Six hours to sunup, where we’ll be pointing south and steaming fair into the Indian Ocean, Albright thought. He looked forward to opening her up to flank speed and leaving a wake behind him pointing aft at this god-forsaken patch of water he’d spent years of his life operating in. Never got a summer Med cruise, never got a Caribbean swing. Every single deployment of his 18-year career had taken him here .

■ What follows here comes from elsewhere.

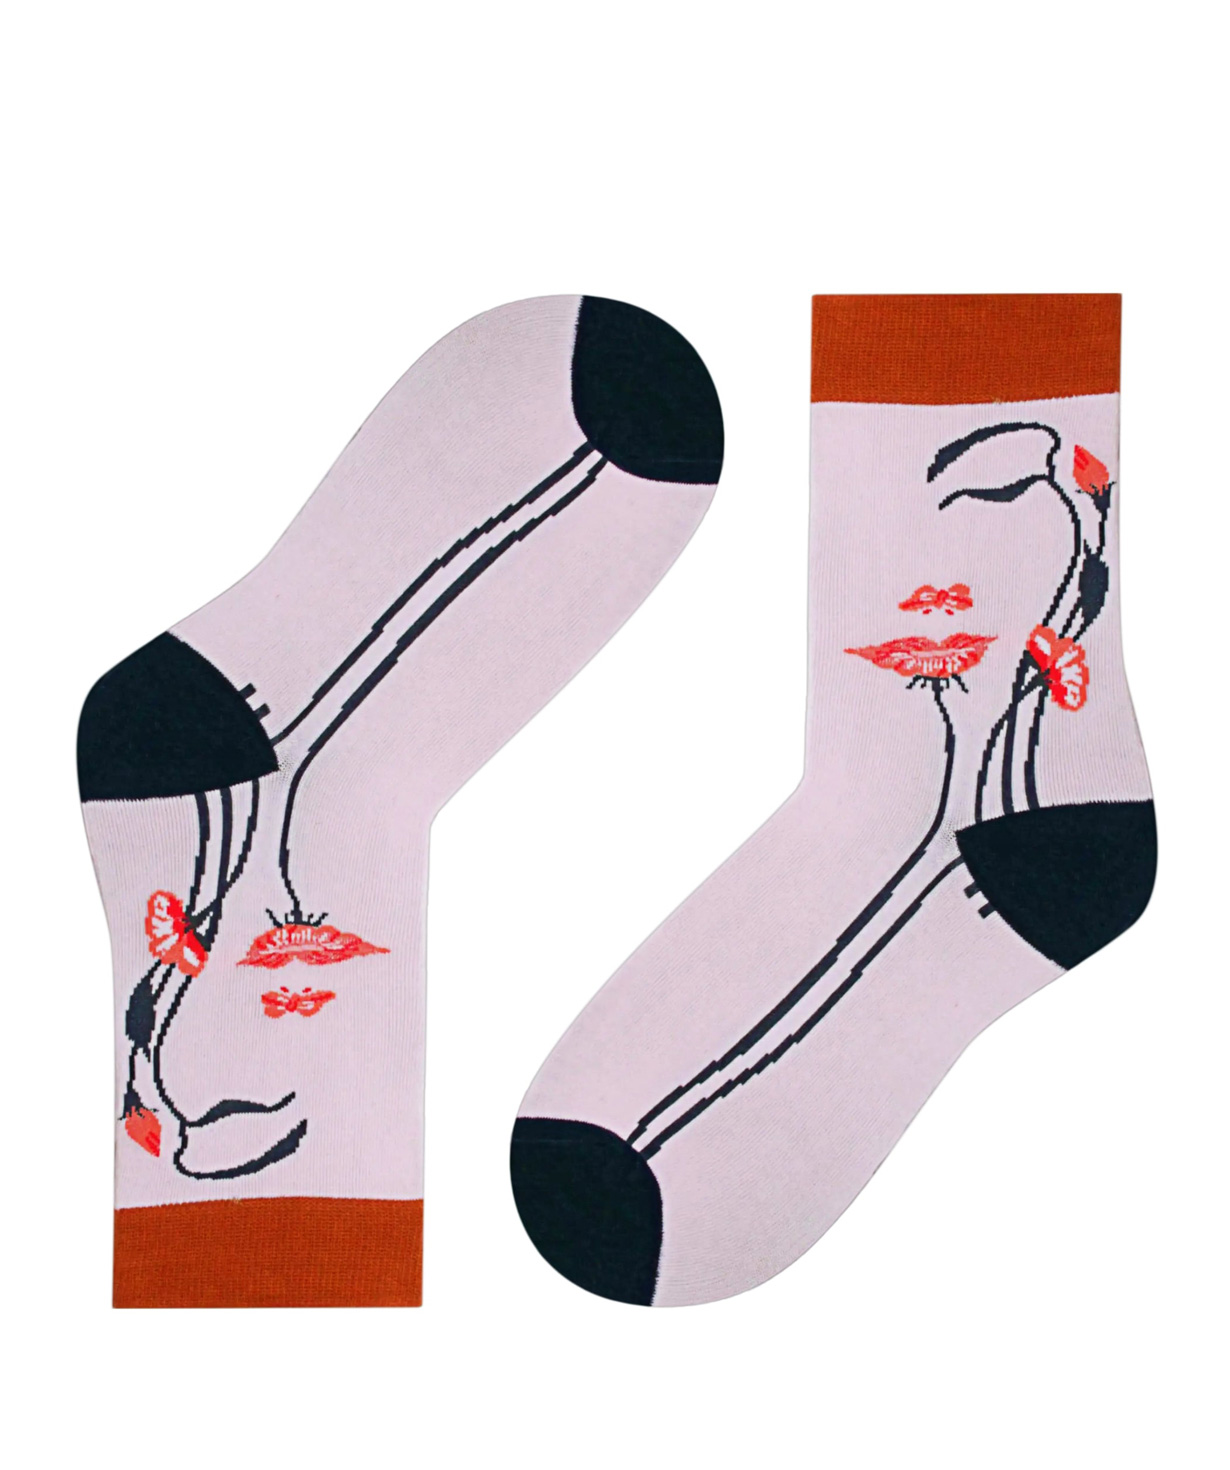 Socks `Zeal Socks` feminine features

I hate this fucking place ,” Albright muttered under his breath, staring ahead into the black night. Again, he rubbed the stubble on his chin.

“Sir?” the OOD inquired.

“What?” Albright answered, surprised he had spoken out loud. “Oh, nothing.”

* * *

In the pilothouse of the dhow, the master walked to the port bridge wing and stepped outside. He looked down at a cluster of eight speedboats, each crewed by three or four Revolutionary Guard irregulars. The motley fleet of boghammars , as they were known to the Americans, consisted of everything from small, open-cockpit cigarette boats to a glorified skiff with an outboard motor. The boats were armed with RPGs, recoilless rifles, and sometimes frame-mounted mortars, with other light infantry weapons aboard. He motioned them to cast off their lines from the dhow and from one another, but warned them to keep close and out of sight of the American frigate. He then went inside and bumped the diesel throttles forward with his open palm. The engines growled deeper as the dhow increased speed on a course to intercept.